Шрифт:
Интервал:
Закладка:
— Так, Палыч. Успокойся и не кипятись… Ерунда какая-то. Как Белидзе мог покончить жизнь самоубийством? Сейчас, когда все на мази?
— У него спроси! — По голосу Санина ощущалось, что в его душе трепетала, как птица в клетке, пытавшаяся вырваться на простор, истерика.
— Так… Успокойся… Успокойся, — как заклинание повторял Гурвич. В предбаннике было жарко. Но в груди возник сквознячок. Холодный такой сквознячок, от которого замерзает сердце. — Я сейчас собираюсь и еду… И мы что-нибудь придумаем.
— Что мы можем придумать?
— Так. Успокойся, — то ли себе, то ли собеседнику сказал Гурвич. Дал отбой. И присел на лавке, замерев и тупо уставившись в дощатую стену, на которой был зачем-то накрепко прибит барометр.
Девушка настороженно погладила его по плечу.
— Ну, котик, чего случилось? Он не ответил.
— Чего киснешь, красавец?… Ох, какой хмурый. Сейчас мы тебя успокоим, — она потерлась голой грудью о его плечо, ее руки поползли вниз.

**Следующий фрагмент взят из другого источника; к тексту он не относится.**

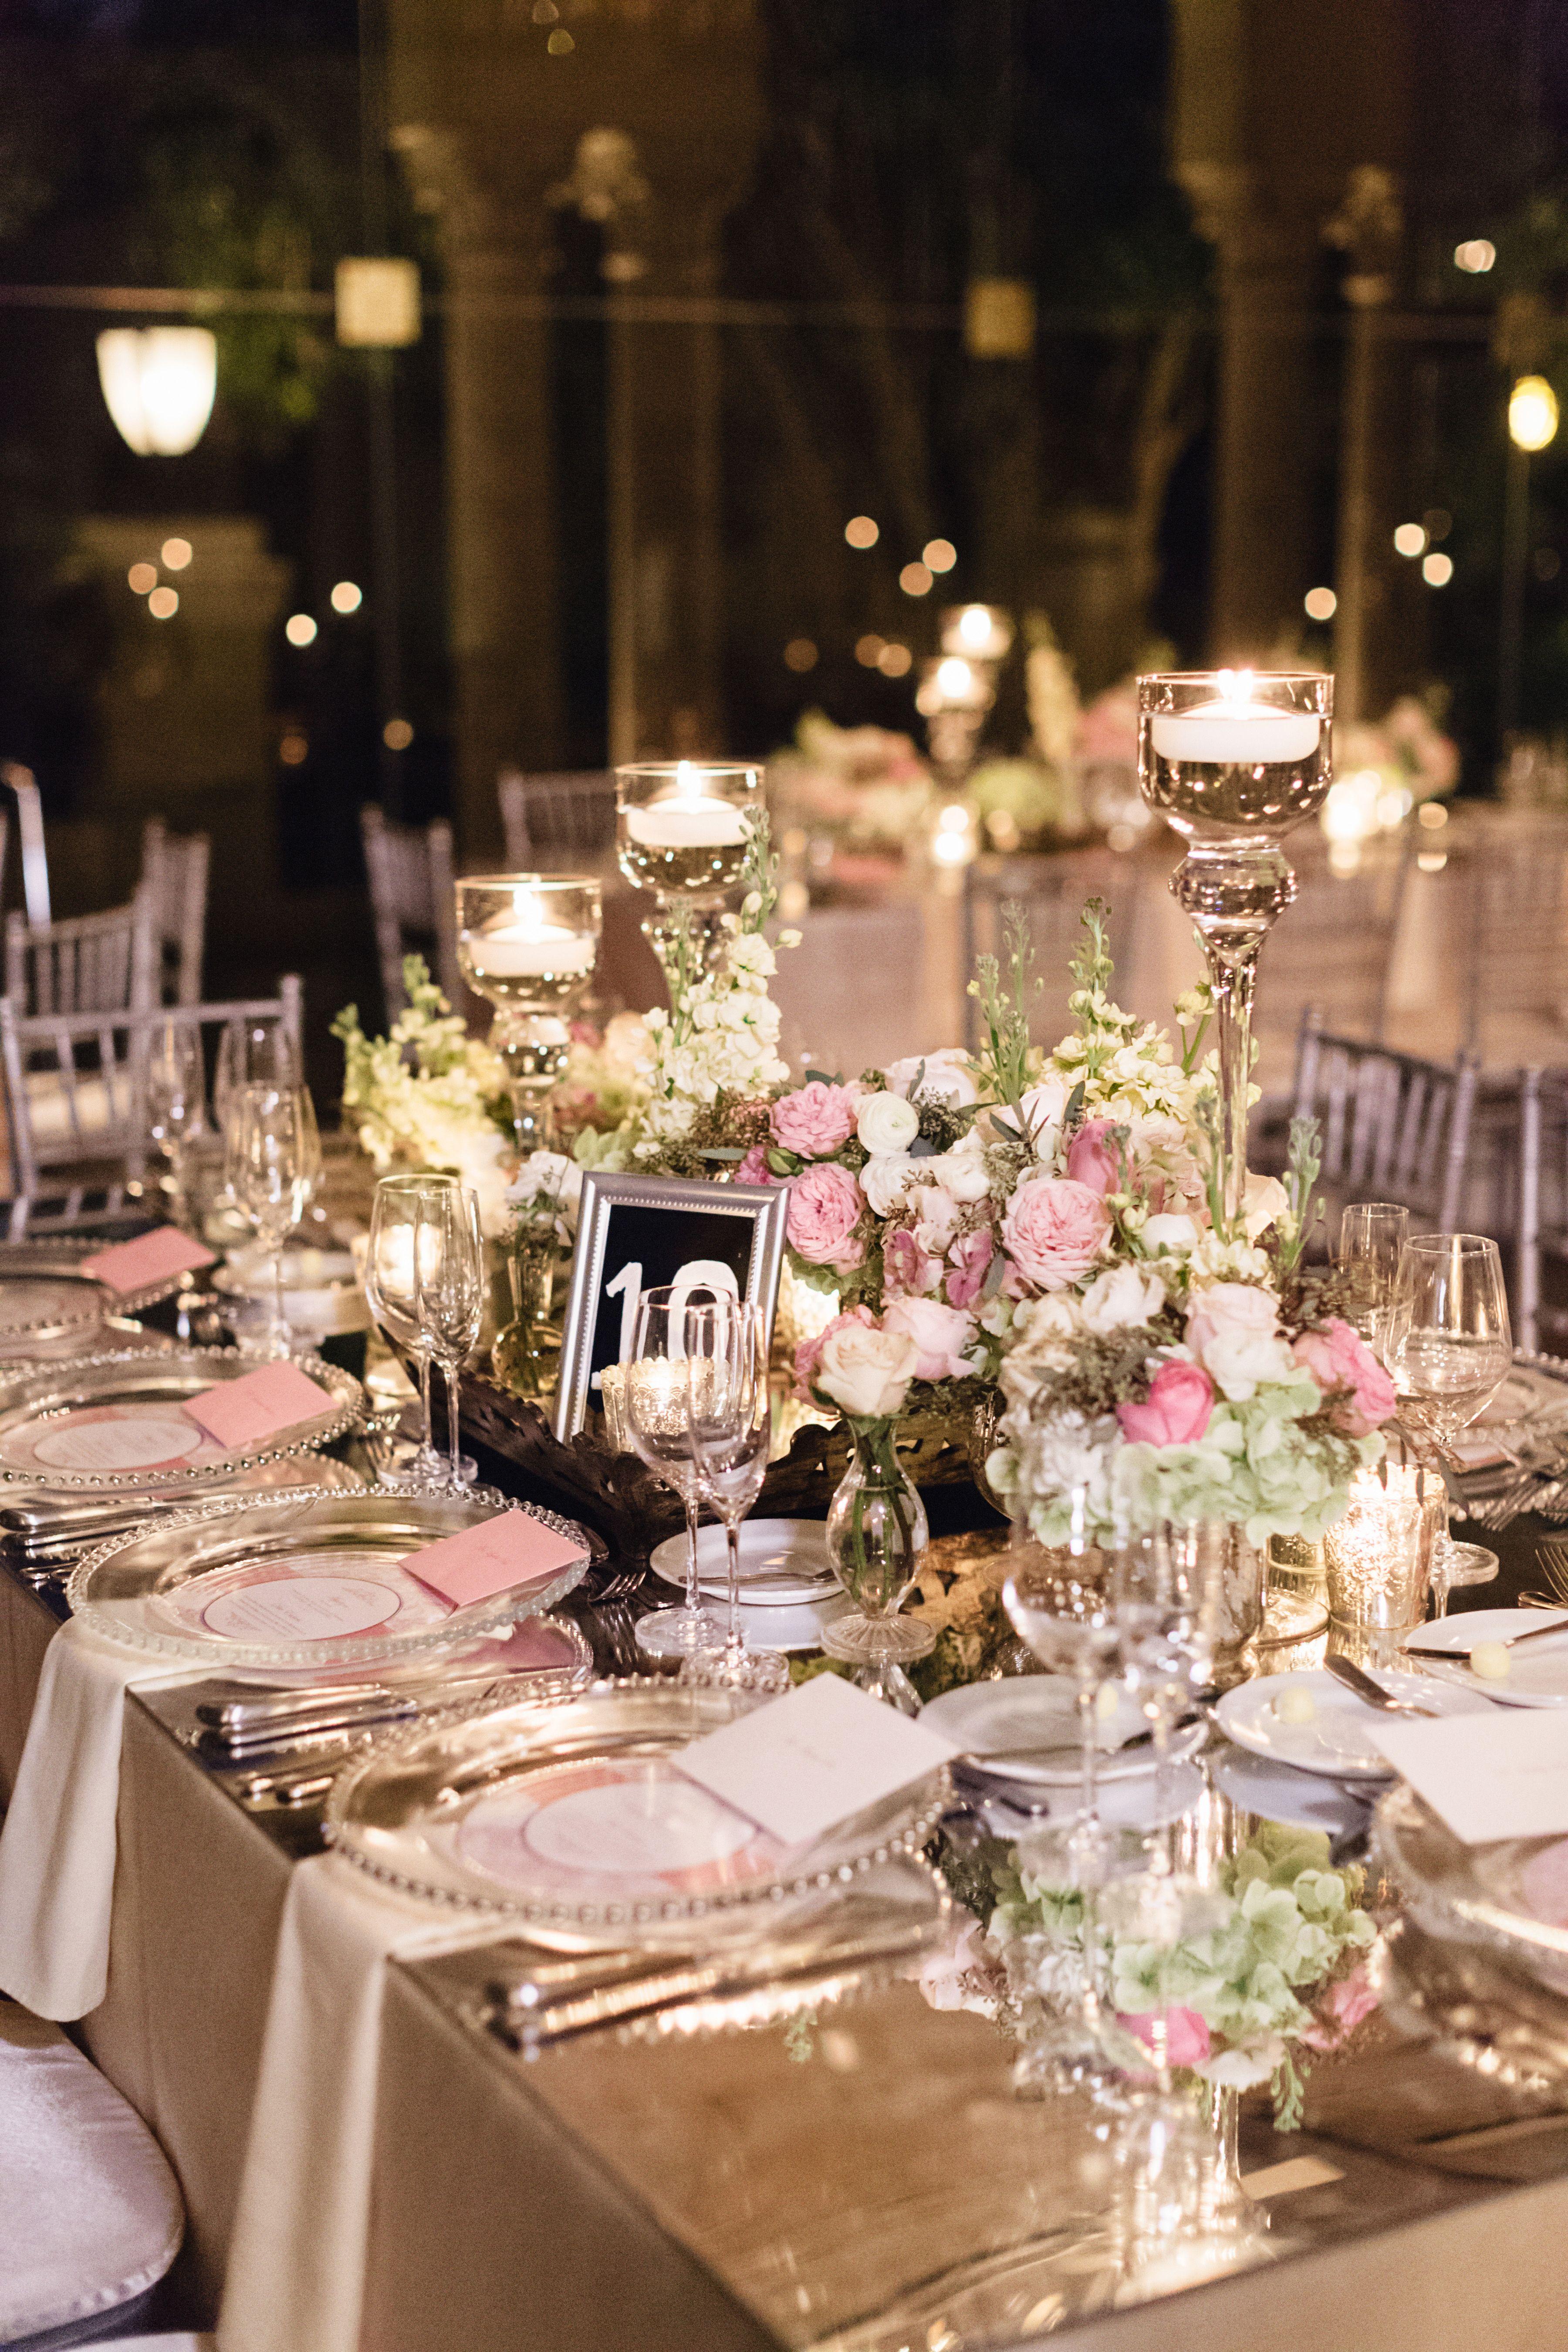 Bryan Und Josy S Luxuriose Hochzeit Im Country Club Turkische

— Отстань! — заорал Гурвич, резко оттолкнув ее.
— Ты чего, совсем? — обиделась Наташка.
— Извини… У меня… У меня друг умер.
— Как умер?
— Отравился… Или отравили…
— Отравили?! — изумленно уставилась на него девушка.
— Да… Но это начало. Всех нас перебьют… Я как чувствовал…
Он начал одеваться.
— Надо ехать… Надо…
Девушка смотрела на него, как на психа…
— Извини, крошка, — застегнув рубашку, кинул он ей. — Пока.
Он вышел из бани, согнувшись от удара мокрого снега. С утра зарядил этот снег, будь он неладен. И тучи — низкие, давящие. Куда подевалось вчерашнее солнце?
— Во, психический, — покачала головой деваха, глядя на захлопнувшуюся дверь.
— Люблю огонь, — сидящий на корточках молодой плечистый чеченец с наивным дурашливым лицом ткнул кочергой в уютно потрескивающие в камине поленья. — В горах огонь — тепло, хорошо… И редко.
— Почему редко? — спросил Глеб, комфортабельно устроившийся в плетеном кресле с мягкими подушками.
— Огонь — нельзя. Самолет прилетит. Вертолет прилетит. Снайпер ударит… В спальный мешок спишь. Там хорошо. Тепло. Но огонь лучше.
— Долго воевал?
— С тринадцати лет. Отец воевал… Я воевал. А ты?
— Пришлось маленько.
— За кого воевал?
— За всех, — хмыкнул Ратоборец.
— За всех — это правильно. Дураки воюют просто так. Умный воюет за деньги. Нет денег — нет война.
— Хорошо хоть платили? — поинтересовался Глеб.
— За работу. БТР убил — платят много. Солдат убил — платят так себе. Офицер убил — платят нормально. Война. Выгодно.
— Это верно…
— Руслан хорошо тебе платит? — как бы невзначай бросил молодой чеченец.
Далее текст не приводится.